OceanConnect objected on the ground that at the latest, the 90-day period began no later than when OceanConnect first sued Chemoil in the Southern District of Texas seeking indemnity or contribution and "vouched-in" Chemoil to the Korean proceeding. That occurred in August 2006. The magistrate judge rejected that argument because OceanConnect dismissed that suit without prejudice two weeks after filing. Although Chemoil was served with process before dismissal, the answer date had not arrived before OceanConnect dismissed the case. The magistrate judge concluded that the dispute was OceanConnect's claim that Chemoil was required to reimburse it for the judgment obtained by Pan Ocean in the South Korean proceeding. The magistrate judge concluded that the 90-day period for demanding arbitration triggered by the "occurrence of the circumstances giving rise to the dispute" began to run when OceanConnect filed and pursued this suit for indemnity and contribution against Chemoil.

In addition to the ground the magistrate judge identified for declining to find waiver, another basis is present. Whether a request for arbitration is timely made under an arbitration agreement is for an arbitrator to decide. See Commerce Park at DFW Freeport v. Mardian Constr. Co., 729 F.2d 334, 339 n. 5 (5th Cir.1984) (noting that "matters of procedural arbitrability, such as, inter alia, whether the request for arbitration was timely under the arbitration agreement, are for the arbitrator to decide"); see also Oil, Chem. and Atomic Workers' Int'l Union, Local 4-447 v. Chevron Chem. Co., 815 F.2d 338, 341 (5th Cir.1987) ("Questions of timeliness are ones of procedural, not substantive arbitrability. As such . . . timeliness should be decided by an arbitrator if the underlying substantive claim is arbitrable.") (citing John Wiley & Sons, Inc. v. Livingston, 376 U.S. 543, 557--58 (1964)); Smith Barney Shearson, Inc. v. Boone, 47 F.3d 750 (5th Cir.1995) (a brokerage firm sought a declaratory judgment in district court that its former customers' grievances were not subject to arbitration and argued that the customers had filed their grievances too late under the arbitration rules that applied under the parties' agreements; the district court held that the issue of timeliness was itself subject to arbitration and refused to grant the firm the relief it sought and the Fifth Circuit affirmed).
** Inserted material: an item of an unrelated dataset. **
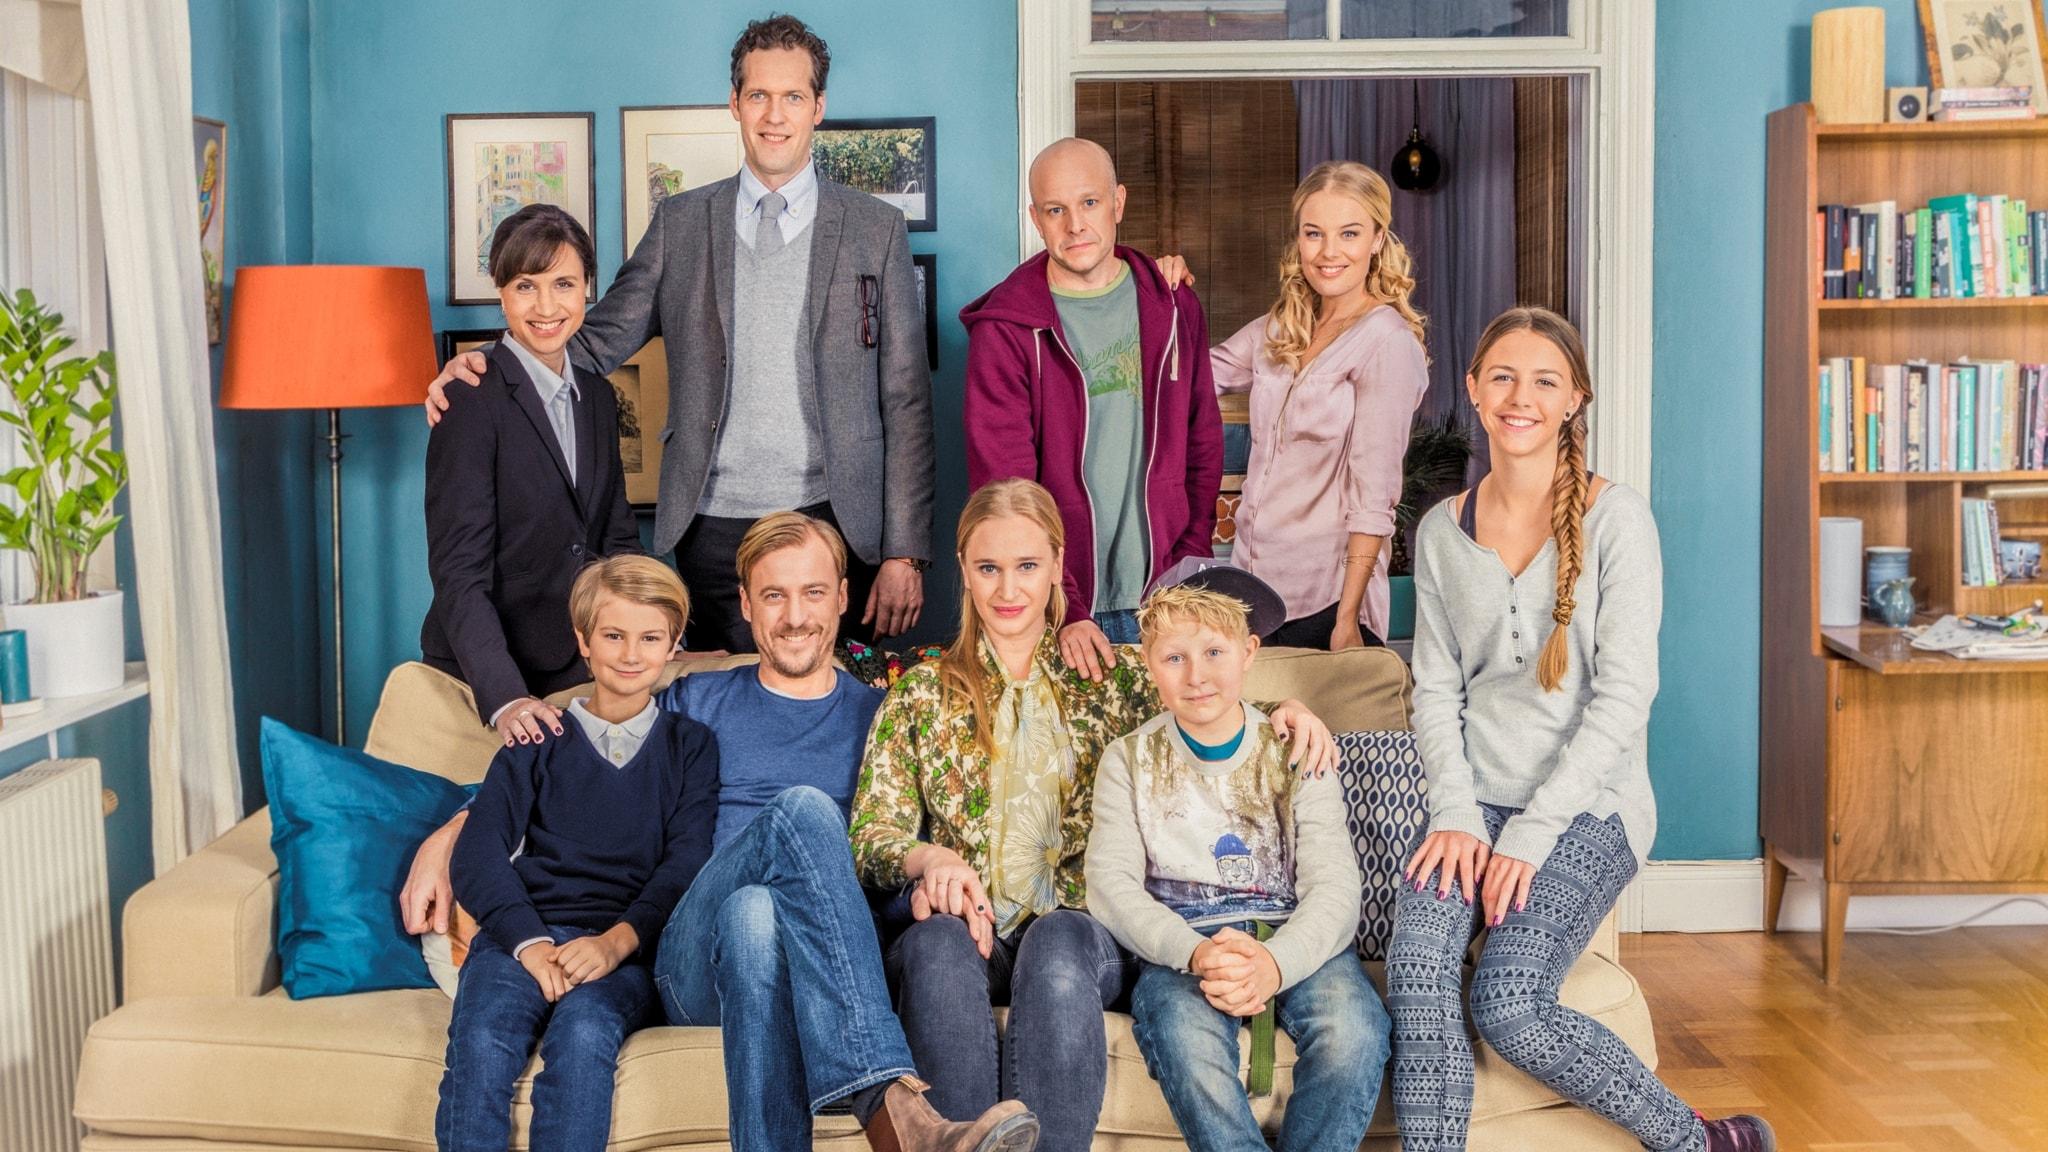 finaste familjen medverkande
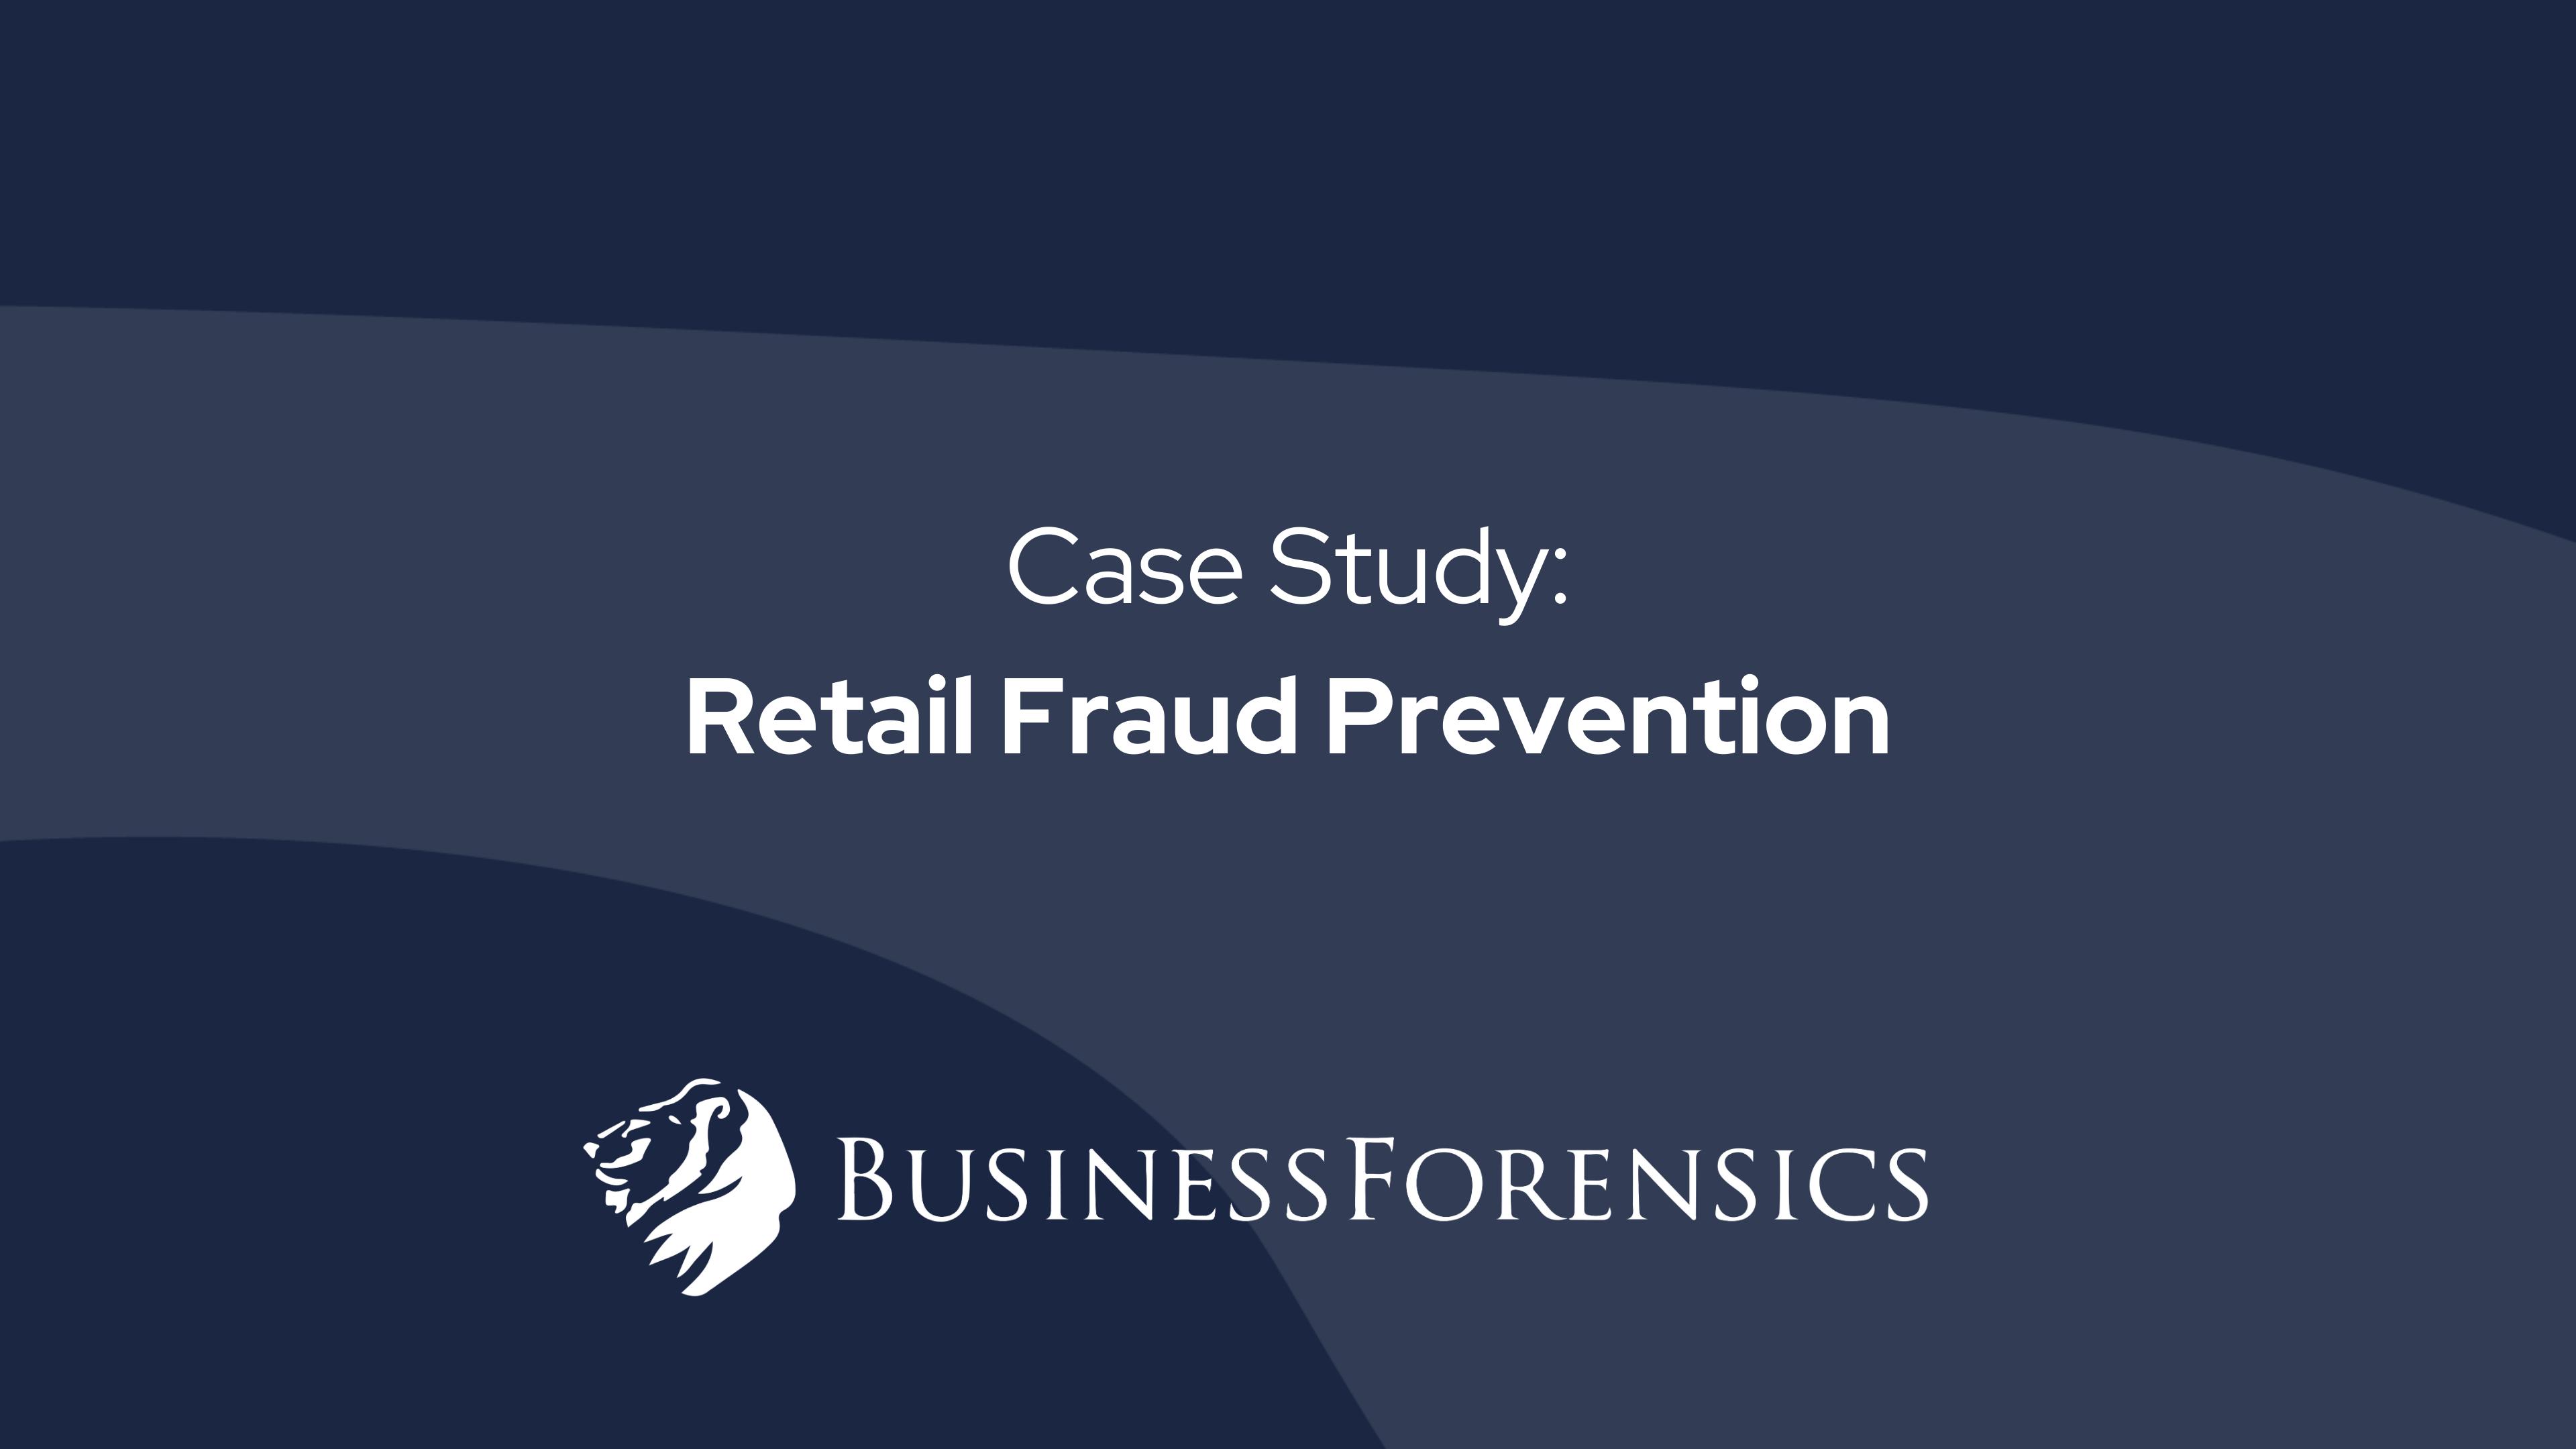 estudio de caso de fraude al por menor

In the present case, OceanConnect asked this court to find a waiver of Chemoil's right to arbitrate on the basis that it failed to comply with the arbitration clause time period. Whether Chemoil complied with the procedural requirements for arbitration and the effects of any failure to do so are questions for the arbitrator, not the court, to decide. See Boone, 47 F.3d at 754. ("[T]he timeliness issues raised in this case are issues of procedural arbitrability and must be decided by the arbitrator.").

IV. Conclusion

This court adopts the memorandum and recommendation of the magistrate judge, overruling the objections. This case is dismissed, without prejudice, to permit the parties to proceed to arbitration.

SIGNED on January 23, 2008, at Houston, Texas.